Task directions — Return every line of the data below exactly, but do not include the images.

Provided material —
□ □ □
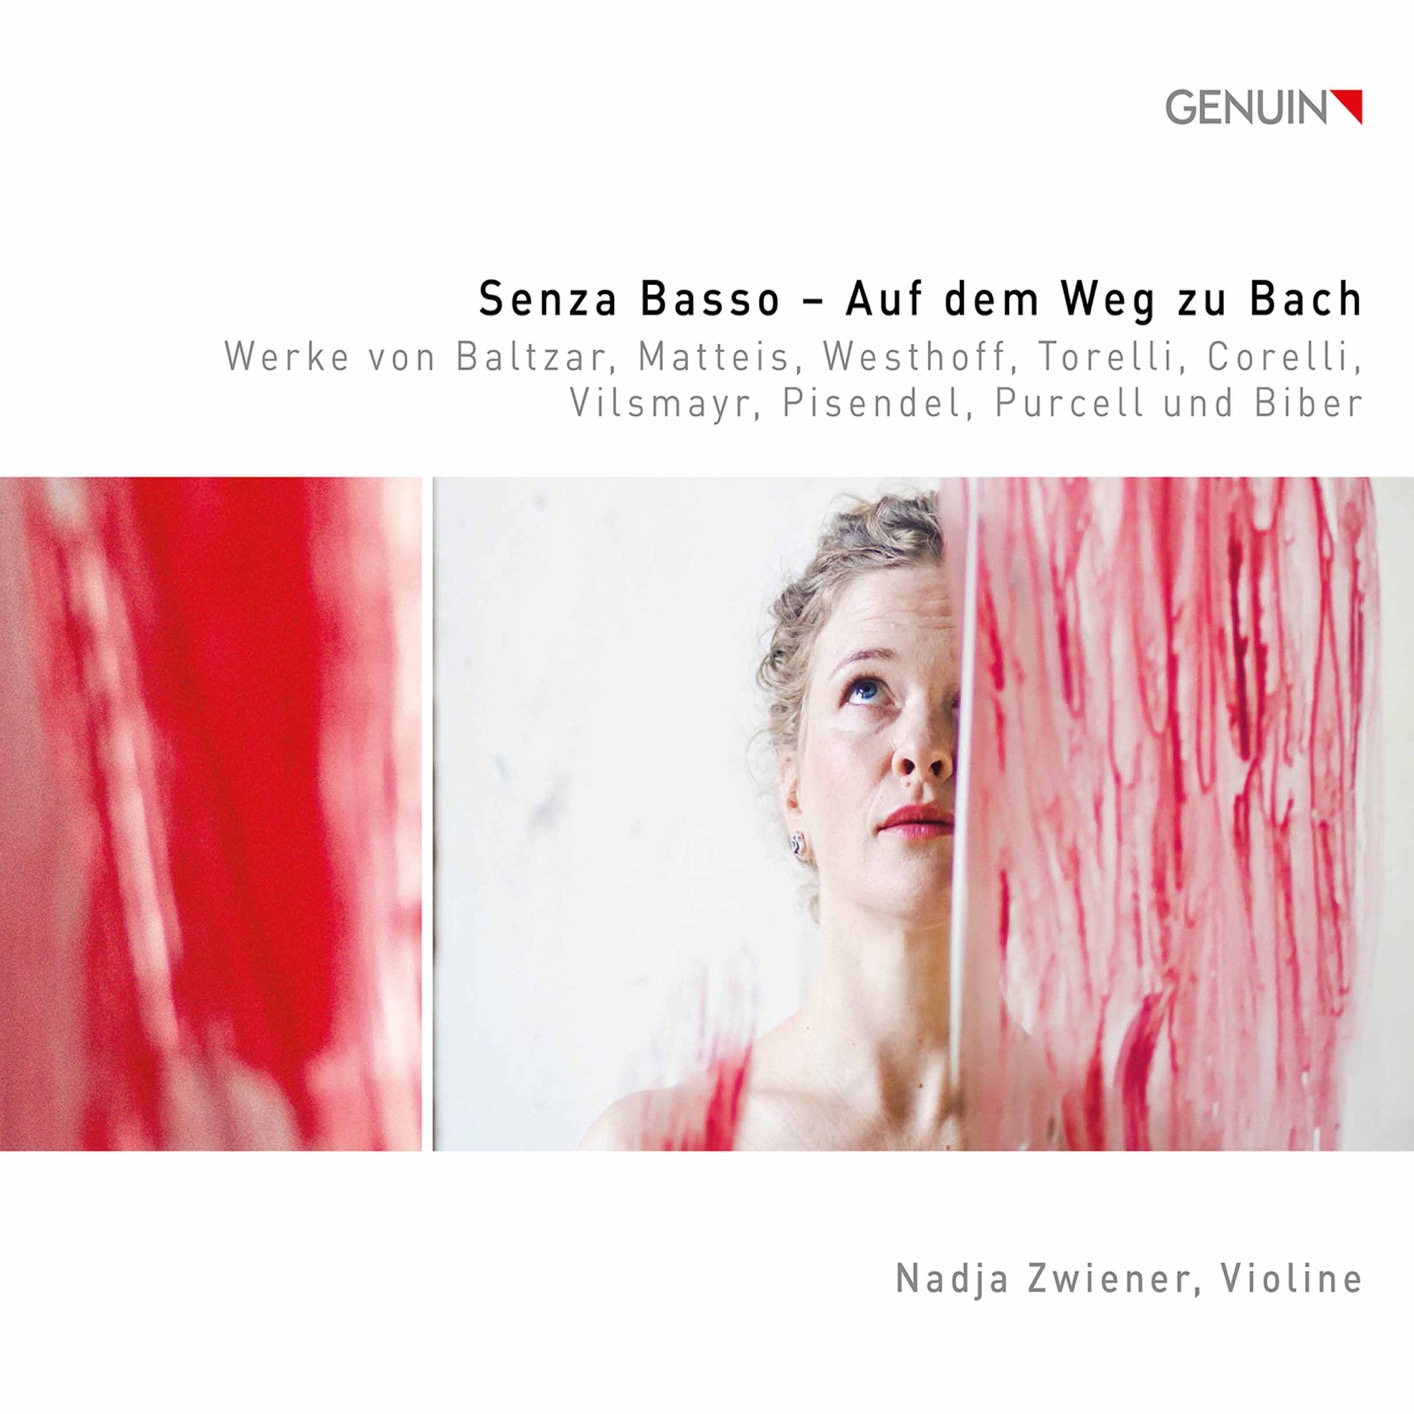 Nadja Zwiener - Senza basso: Auf dem Weg zu Bach (2021) [FLAC 24bit/96kHz]
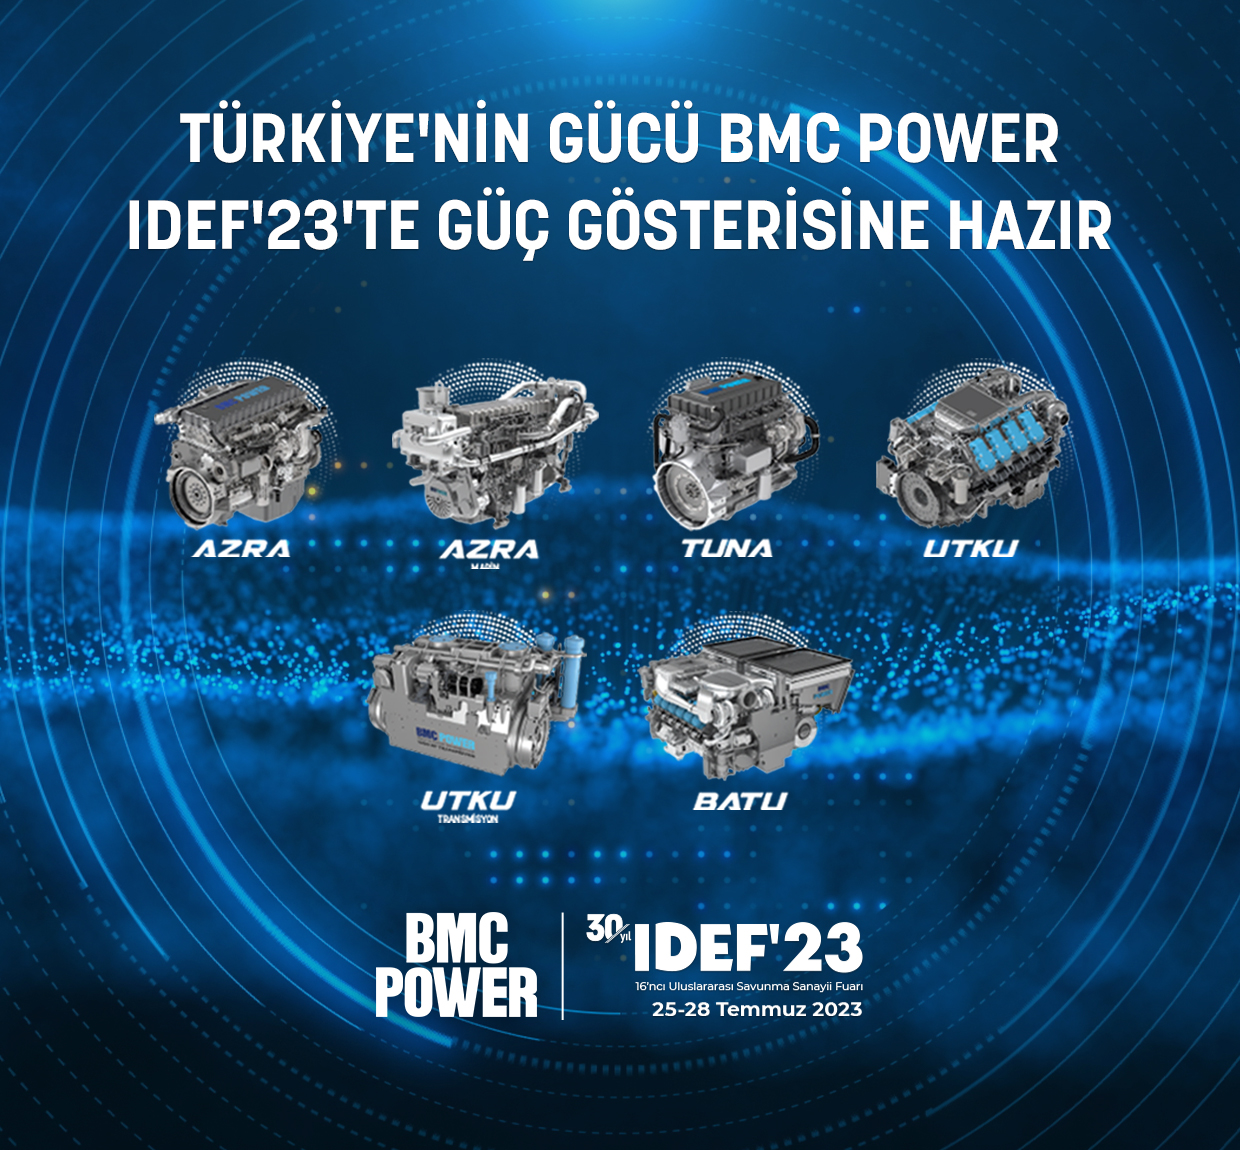 BMC Power
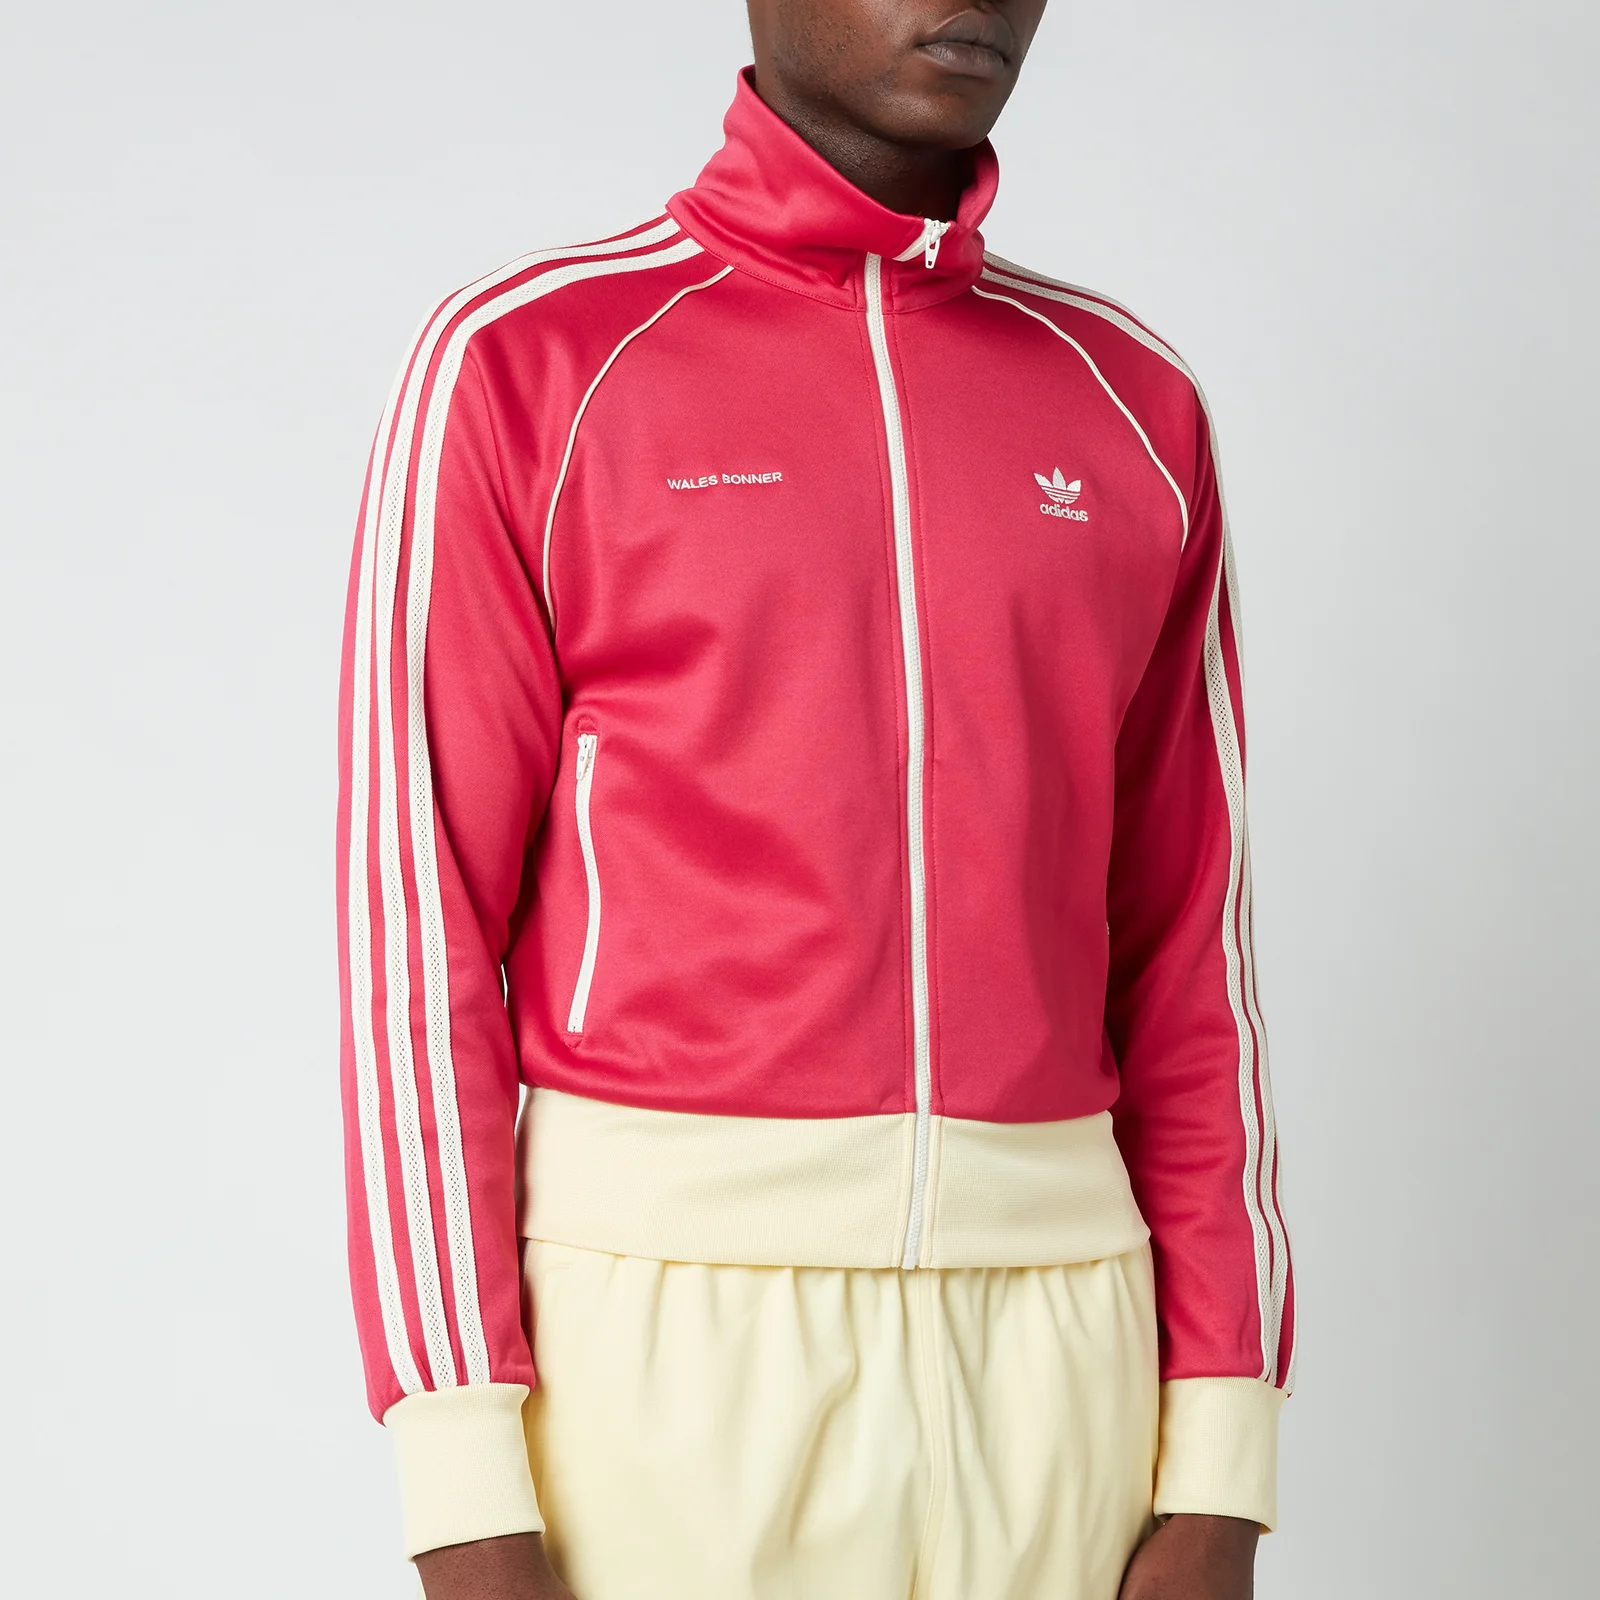 adidas X Wales Bonner Men's 70S TT Jacket - Rave Pink Image 1
□ □ □
Exercise solution —
 Nadja Zwiener - Senza basso: Auf dem Weg zu Bach (2021) [FLAC 24bit/96kHz]
 BMC Power
 adidas X Wales Bonner Men's 70S TT Jacket - Rave Pink Image 1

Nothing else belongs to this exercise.